While Cork's supporters will still expect to beat Kerry if and when they meet in next year's Munster championship, the fact that Cuthbert has lost so many players -- and will see Aidan Walsh and Eoin Cadogan return to play hurling as well as football -- has taken some of the weight of expectation off his shoulders. Cuthbert had a huge job on his hands to pip John Cleary for the post. Now the real work starts.
Colm Collins (Clare)
aTt the start of July, Mick O'Dwyer told the Clare county board he would not be staying on. They finished mid-table in Division 4 and lost both their championship games. However, there is a bit of a buzz around Collins' appointment.

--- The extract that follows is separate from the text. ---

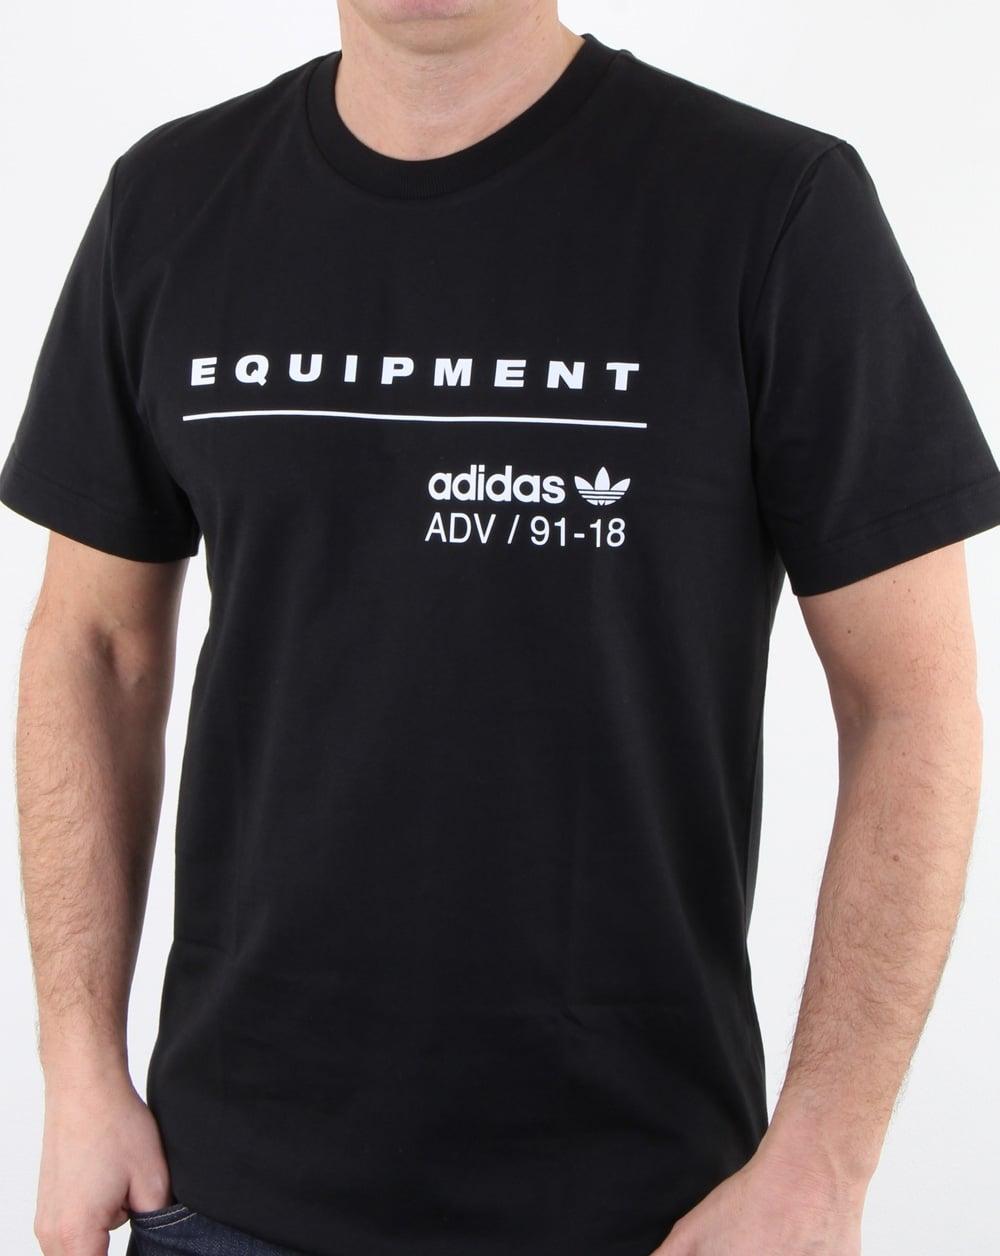 Adidas originals pdx classic t shirt black mens cotton for Adidas classic t shirt

He was the outstanding candidate. He is the father of Clare hurlers Podge and Seán, and has served as county under 21 boss in the past. Eight of Clare's All-Ireland-winning hurling team -- the two Collins brothers, Conor McGrath, Conor Ryan, Liam Markham, Brendan Bugler, Fergal Lynch and Cathal McInerney -- were part of his Cratloe team that reached the Munster SFC final and pushed Dr Crokes to the limit.

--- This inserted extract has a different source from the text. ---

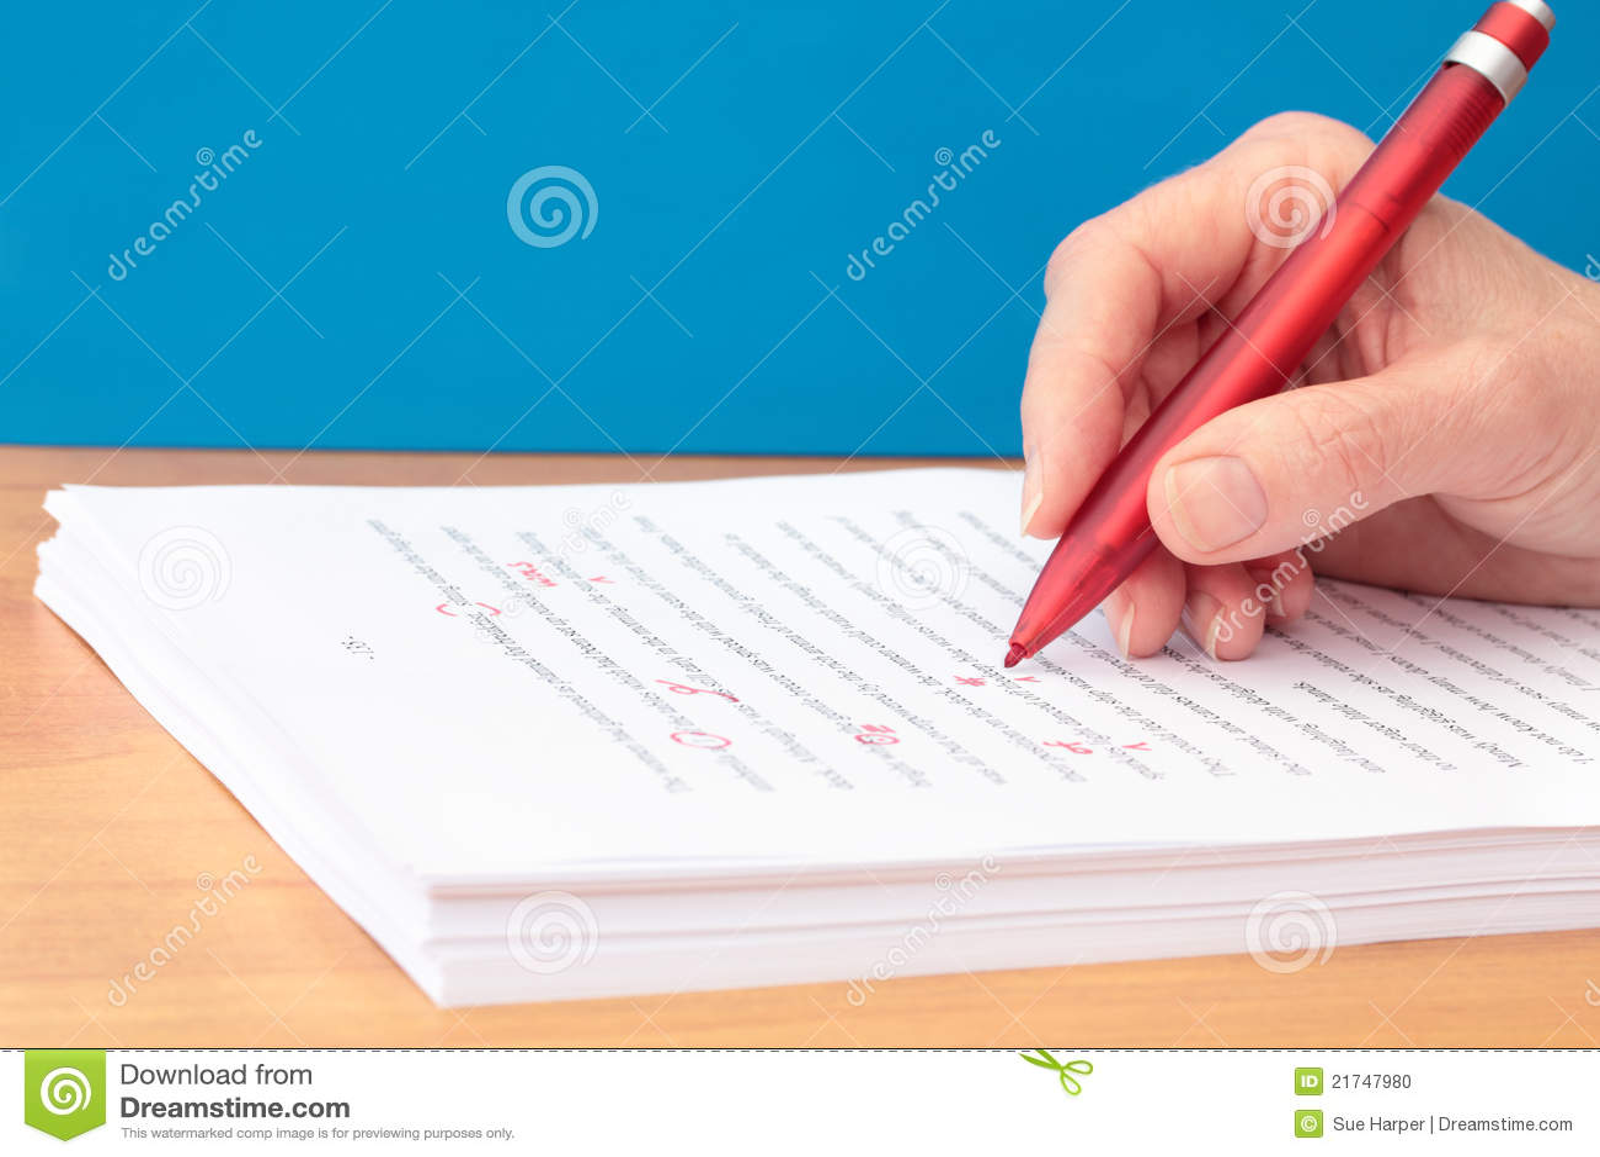 Libro proofreading copy-editing services online

Podge Collins, in particular, is a fine footballer and it's no surprise that his father has already been in contact with Davy Fitzgerald about the prospect of some players playing in both codes next year. Hopefully they can come to an agreement but it will be easier said than done.
Pete McGrath (Fermanagh)
THE talk was that Kevin McStay was in line for this job, but surprisingly it went to McGrath. In total, 14 candidates were approached and four were interviewed before McGrath got the gig. His last high-profile job was with the Down minors, while his greatest triumph remains leading Down to All-Ireland glory in 1991 and 1994. This will be a real test of his knowhow.
Jason Ryan (Kildare)
Ryan comes into a pretty raw camp given the manner of Kieran McGeeney's departure. A number of the panel called for McGeeney's reinstatement after the controversial county board vote, so Ryan's subsequent appointment was perhaps the only one that would have soothed the players. He is a tactically savy, an excellent organiser and hard-working. Nothing will be left to chance and the Kildare players are lucky to have him.
Tomás ó Flatharta (Laois)
Laois have potential; they reached the quarter-finals of the 2012 championship and earned promotion from Division 2 the year before. ó Flatharta has plenty of experience and he will need all of it if the midlands side are to achieve their full potential.
Jack Sheedy (Longford)
Glenn Ryan stepped down as Longford manager after their extra-time qualifier defeat to Wexford which came on the back of a timid loss away to Wicklow in the provincial championship. During his five years in charge, Ryan achieved back-to-back league promotions and now the torch has been passed to former Dublin star Sheedy, who will also look after the under 21s.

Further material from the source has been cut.